Stock Sale vs Asset Sale: Reviewing the Asset Sale

|Tax Matters

Last month we highlighted the merits and risks of a stock sale. Below, we'll outline the general implications of an asset sale for a buyer and seller.

Asset Sale:
In an asset sale, the Buyer purchases individual assets (tangible and intangible) and liabilities of the Company in a new entity “NewCo” while the Seller retains the legal entity of the “OldCo”. Often, asset sales are cash-free, debt-free which means the Seller keeps the cash at closing and pays off any long-term debt. During an asset sale, it is common that contracts (like service agreements, purchase contracts, vendor agreements, leases, etc.) require assignment to the “NewCo” as of closing, which can slow down the transaction process.

Asset Sale: Liability and Tax Effects (Favor the Buyer)
Because the Buyer can selectively carve out assets and liabilities to assume or exclude (i.e. an active warranty claim, a specific piece of equipment), it is easier for the Buyer to mitigate the risk that comes from assuming liabilities taking place before his/her ownership. For example, if an environmental claim is made post-transaction for a spill that took place prior to the sale, the Seller/OldCo would likely be on the hook for this liability.

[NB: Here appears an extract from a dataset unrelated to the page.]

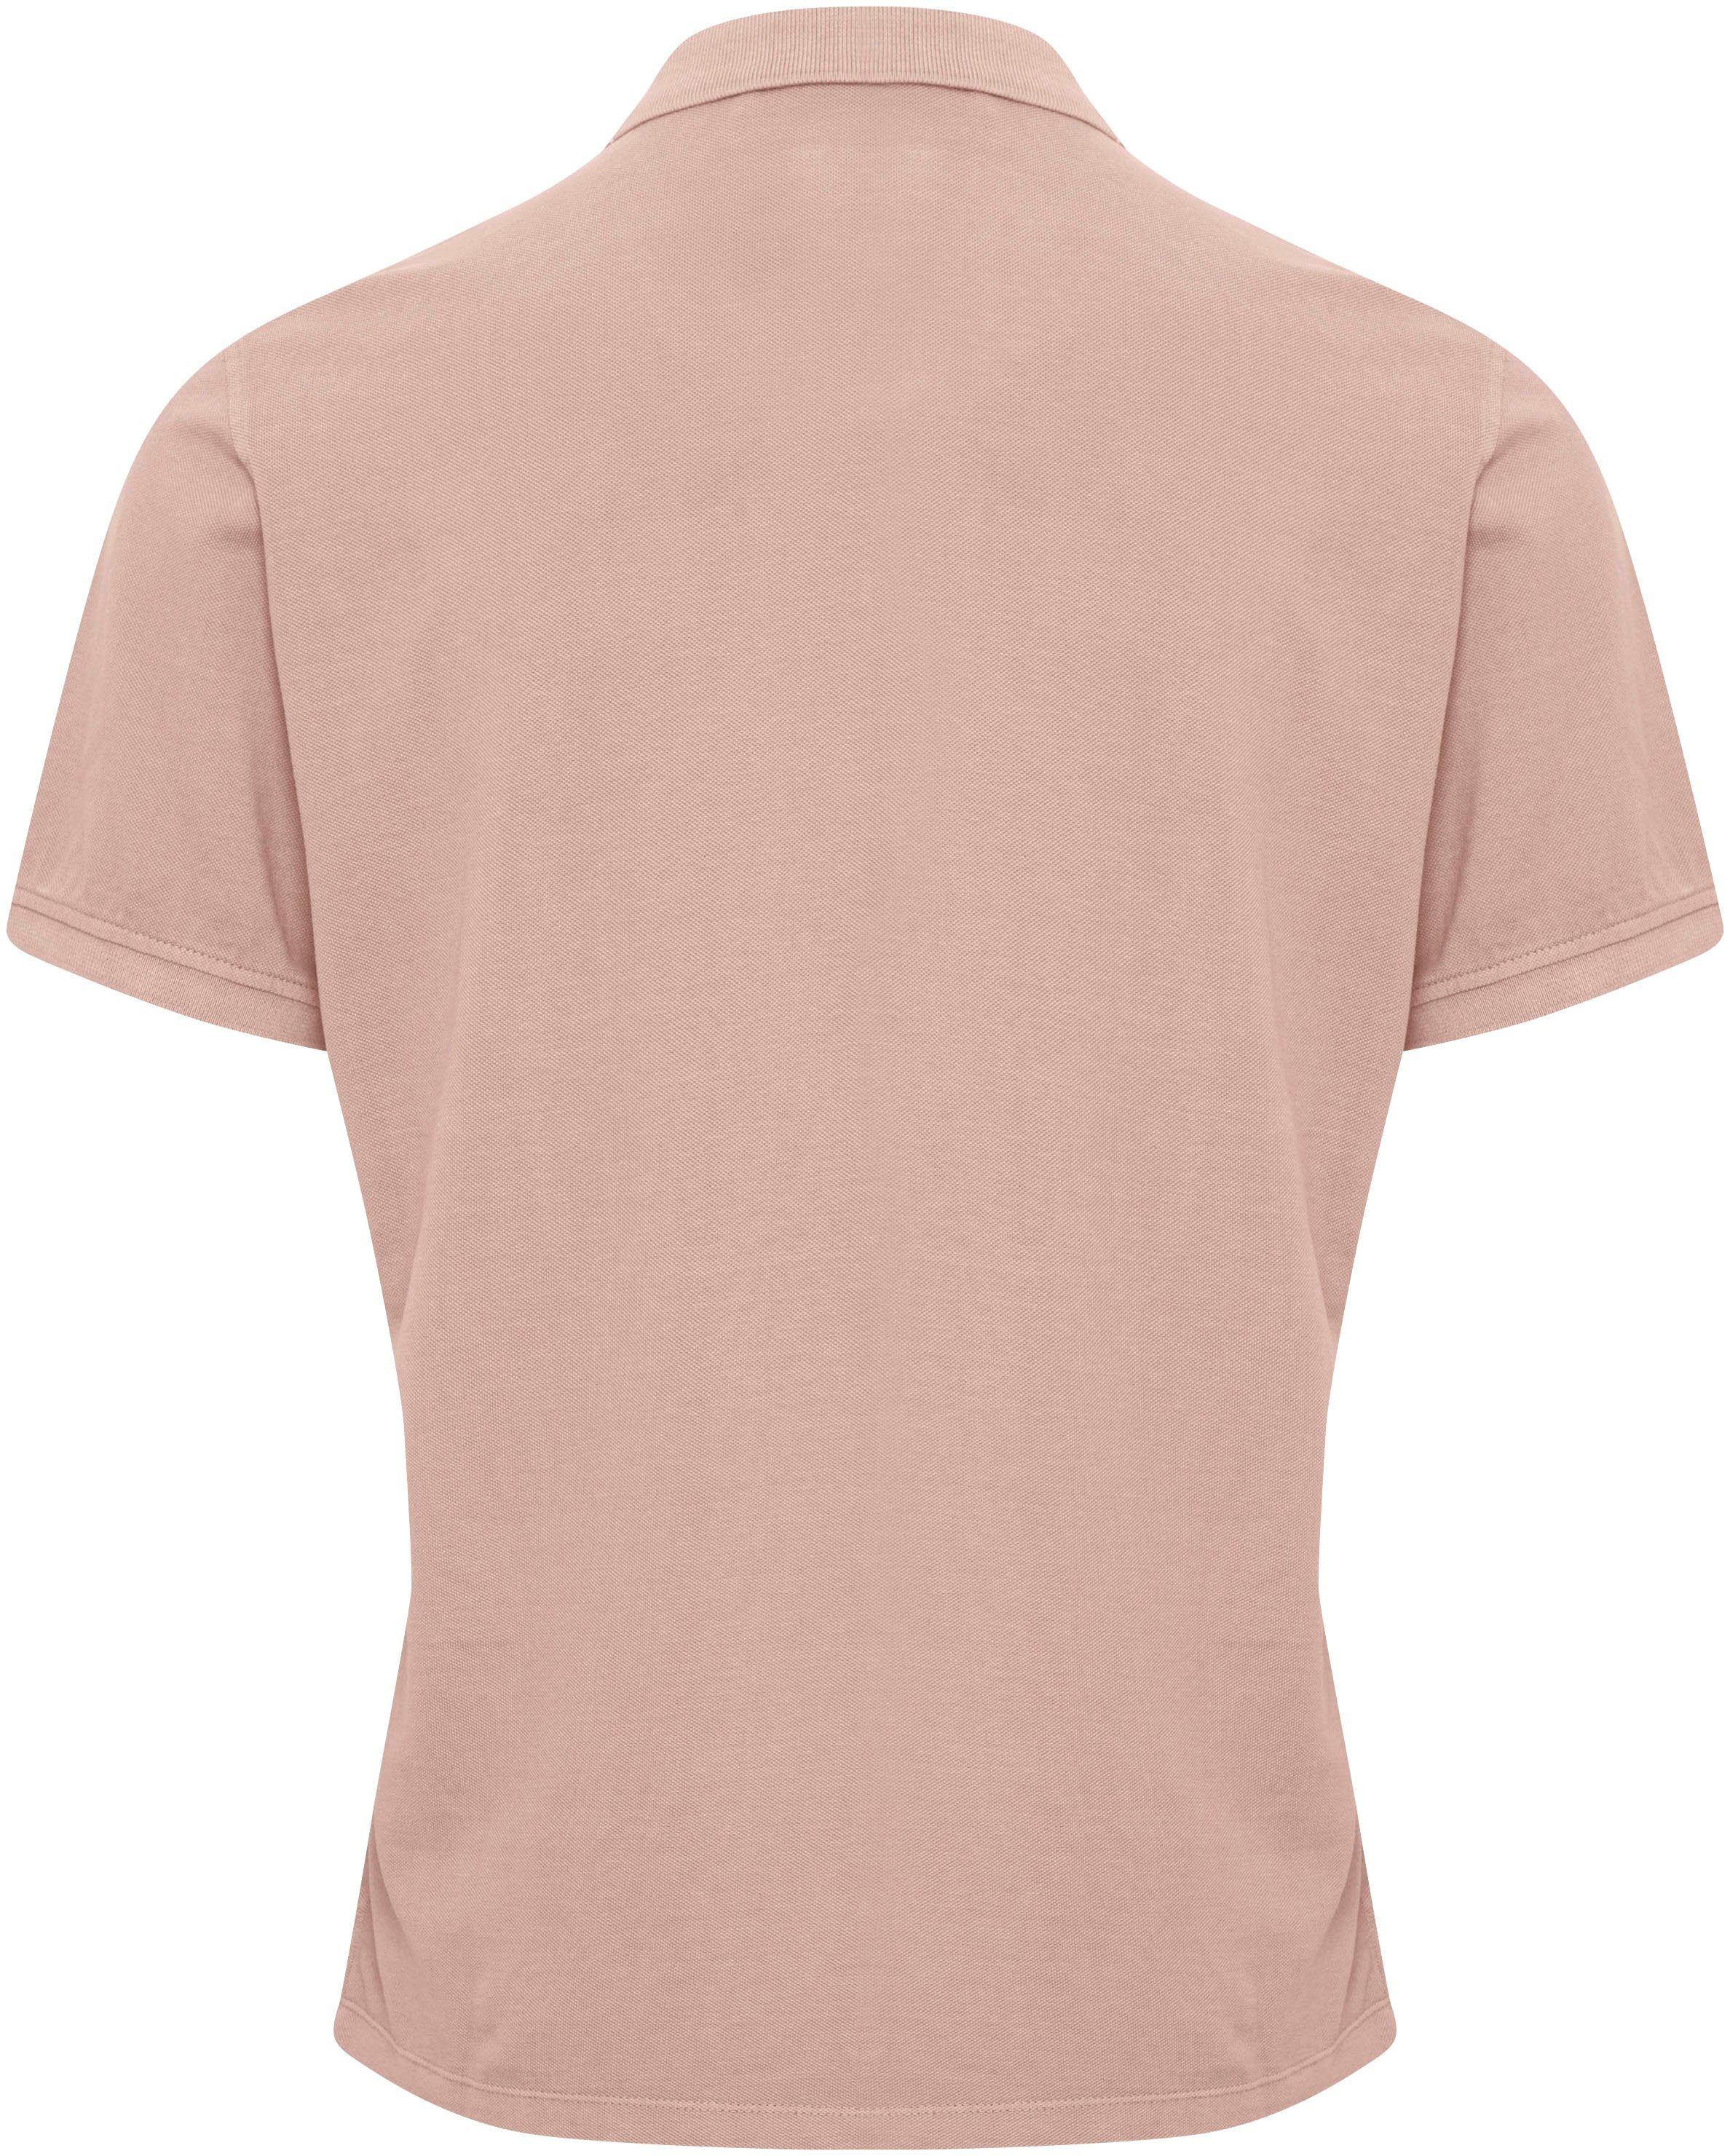 Blend Poloshirt pink BL-Poloshirt

Asset sales afford the Buyer certain tax benefits that stock sales do not, as higher value can be allocated to assets that depreciate more quickly, such as equipment (3-7 year life), and lower value allocated to assets that amortize slowly, like goodwill (15 year life). This ability to step-up the tax basis of certain assets reduces tax payments and improves company cash flows in the critical first few years following the transaction. For the Seller, however, this stepped-up tax basis of certain assets has a negative effect, as many are subject to higher ordinary income tax rates as compared to the lower capital gains rates applied to some intangible assets such as goodwill.

Did you know?
According to recent research, 70% of all transactions are asset sales, as well as the vast majority of sales of privately-held companies. Larger deals are more likely to be structured as stock sales. Due to the lack of stock in their corporate entity, sole proprietorships, partnerships and limited liability corporations must be asset transactions. If the business is incorporated as a C-corp or an S-corp, either an asset sale or a stock sale may be instigated, and pros and cons should be heavily considered on both sides.